Re: How many gum layers (Re: ferri sesquichlorati)
Disclaimer: Can´t keep up with the speed an with of this debate, but had
mostly written this, so...
To me what you write sounds like a mixture of the two approaches I
mentioned, which incidentally is exactly what I wanted to hear :-)
Thought that this probably would be the approach that utilised all options
in terms of creative printing (as opposed to making copies). But have not
seen a "formal" description of it.
The methods, as described in one of the books I have, assumes normal
negatives (that is "normal" as in grade 2 silver paper).

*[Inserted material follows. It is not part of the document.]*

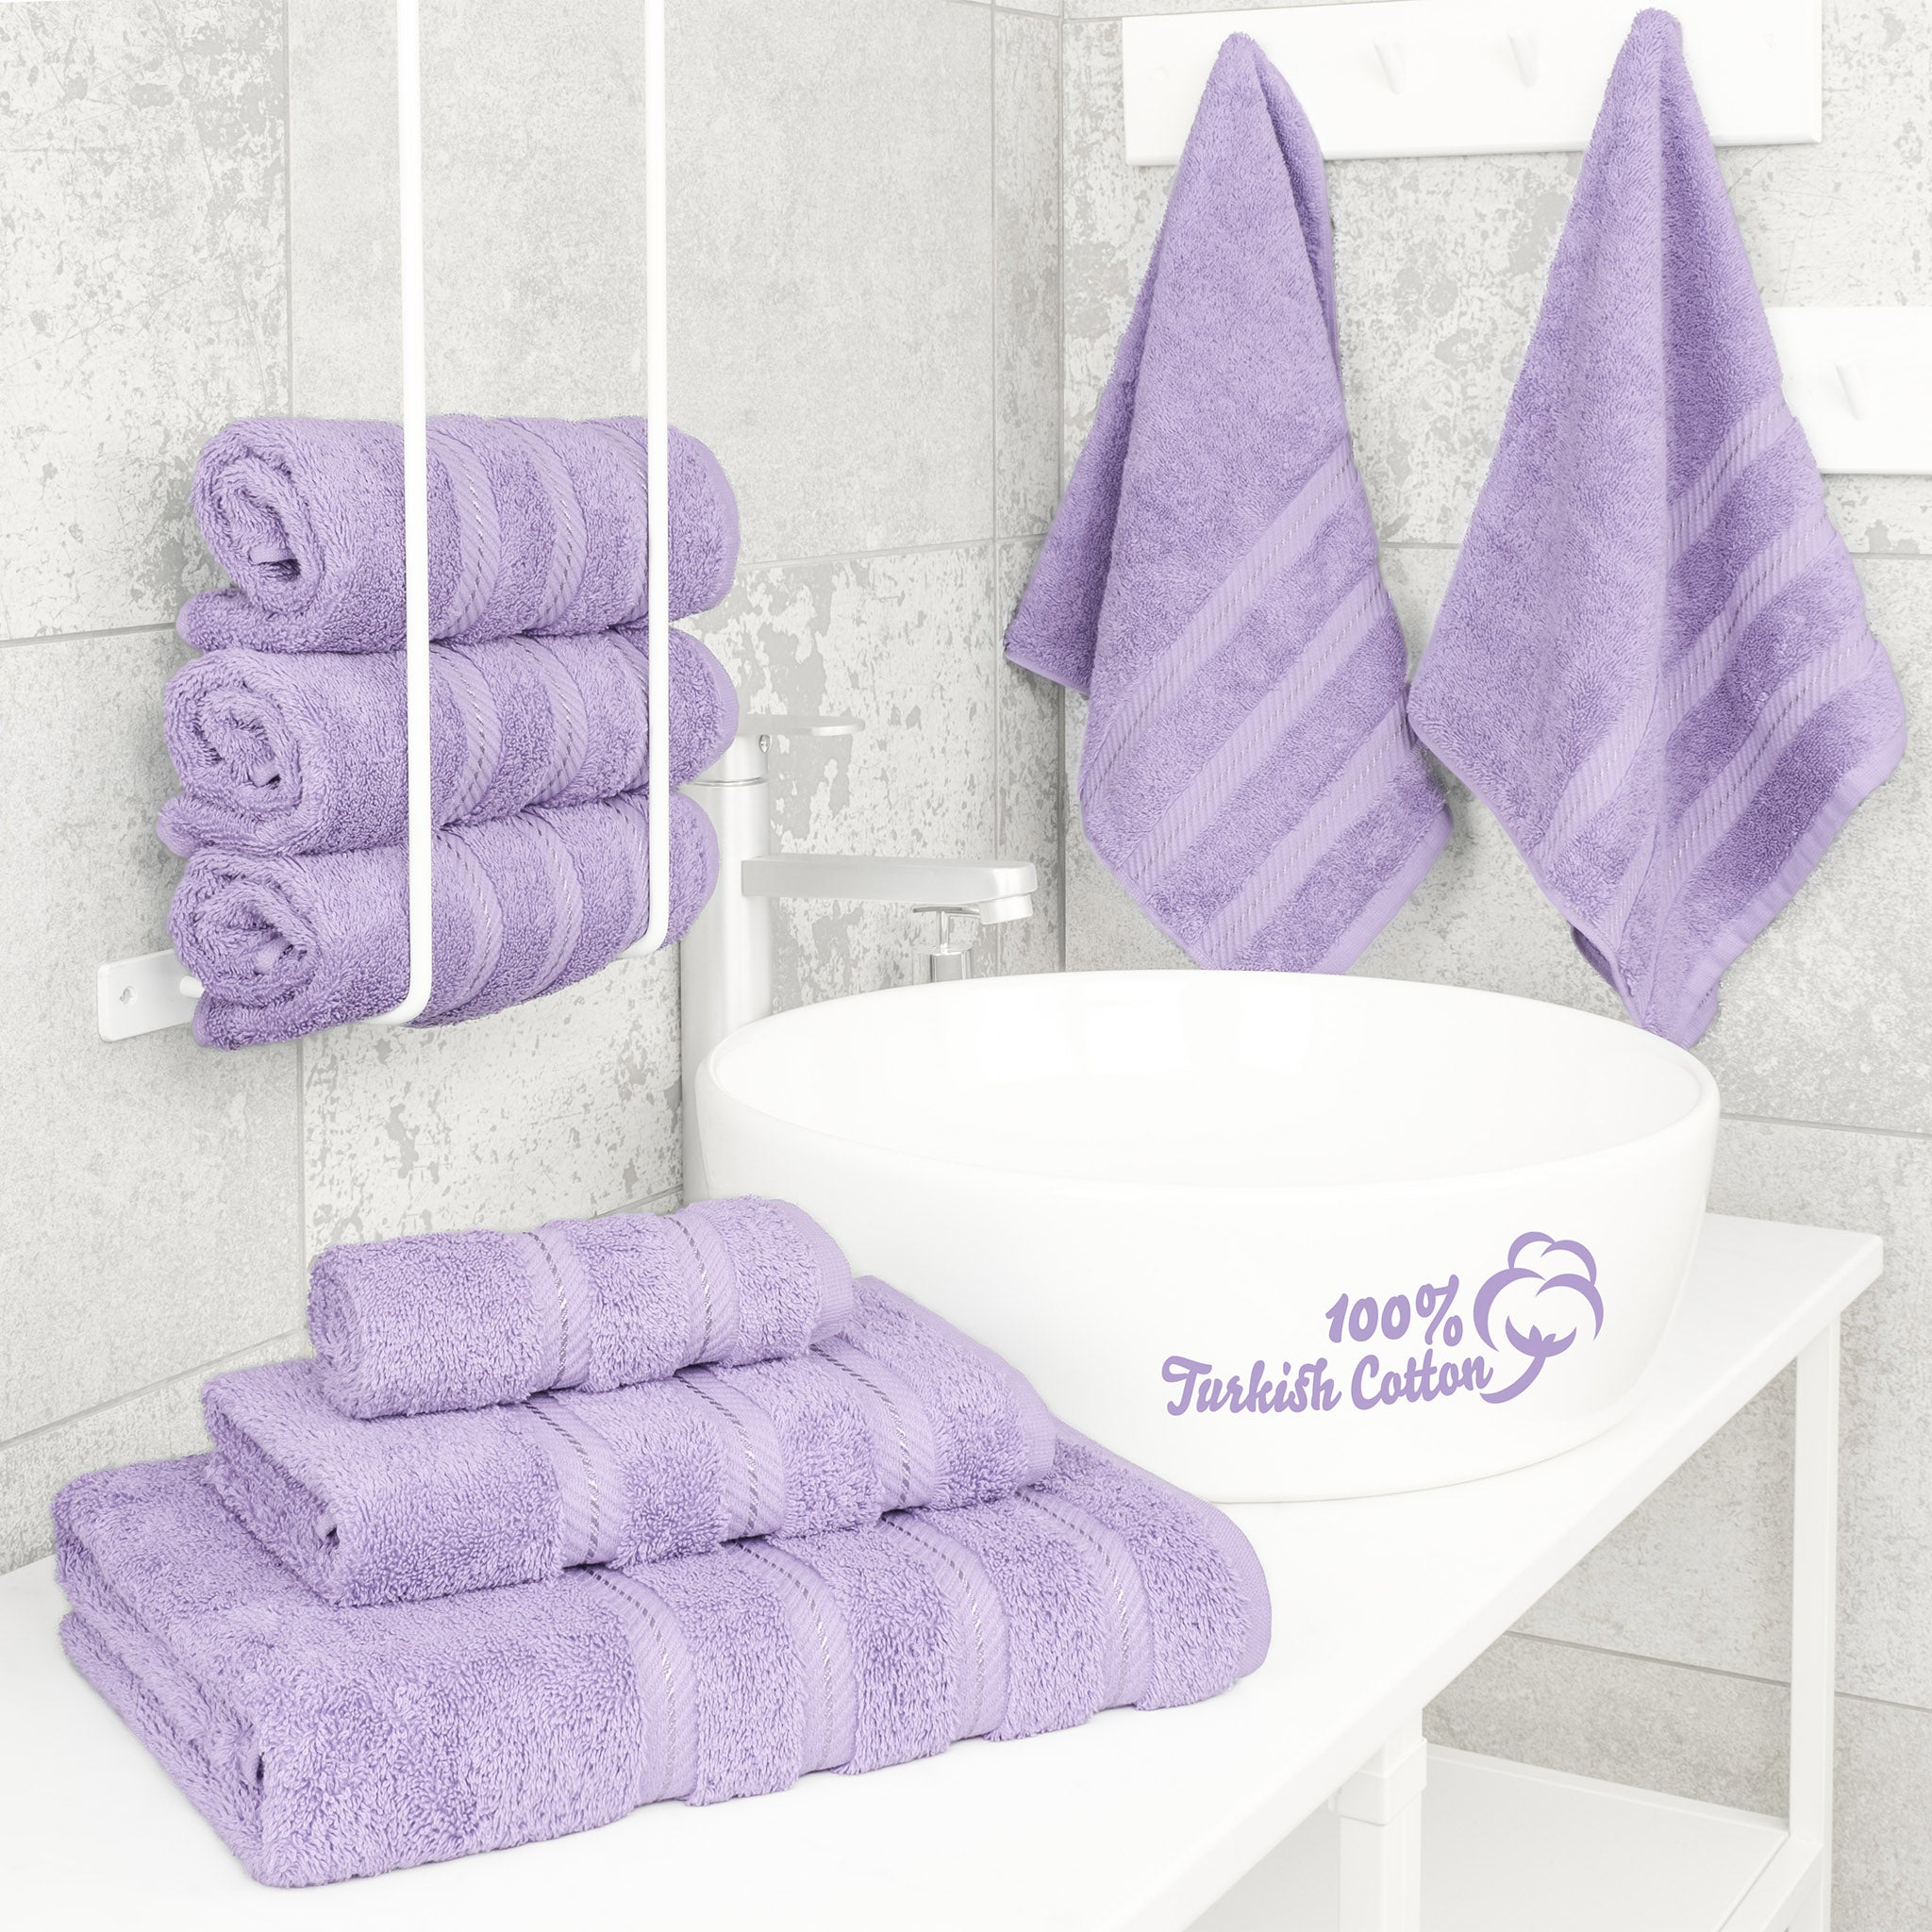 American Soft Linen 100% Turkish Cotton 6 Piece Towel Set Wholesale lilac-2

I don't think that
is particularly important as one obviously can adapt things quite a lot.
I have more or less only been printing greyscales, as in lamp-black,
Stouffer and gelatine, for the last couple of years. The way I express
things may have become a bit scaled sort of... :-)
On 10/24/06 11:32 PM, "Katharine Thayer" <firstname.lastname@example.org> wrote:
> Halvor, I've not seen either of these approaches, but neither of them
> makes much sense to me.
> I assume here we're talking about printing a negative that exceeds
> the short tonal range that gum is capable of in one printing.
> The usual recommendation is multiple printings using more pigment and
> less exposure for the shadows, and less pigment and more exposure for
> the highlights. This works well for me. (I don't think it matters
> what order you do it in. I like to lay in the highlights and
> midtones first, with a less-pigmented emulsion and a longish
> exposure, and then put in the shadows with more pigment and less
> exposure. But I can imagine someone wanting to put in the darks
> first (easier registration, for one thing) and the lights second; I
> don't think it makes any difference.)
> Then there's a school of thought that says you should make a contact
> negative that brings the tonal scale of the original negative down to
> the short range of gum, but that's never made sense to me because
> you lose so much of the subtlety when you do that; I prefer to print
> all the tones in the original negative. So far, the only way I've
> ever seen to get subtle tonal gradation throughout a long tonal
> scale (with the one exception of Marek's back-printed flowers) is
> multiple printing, as described above.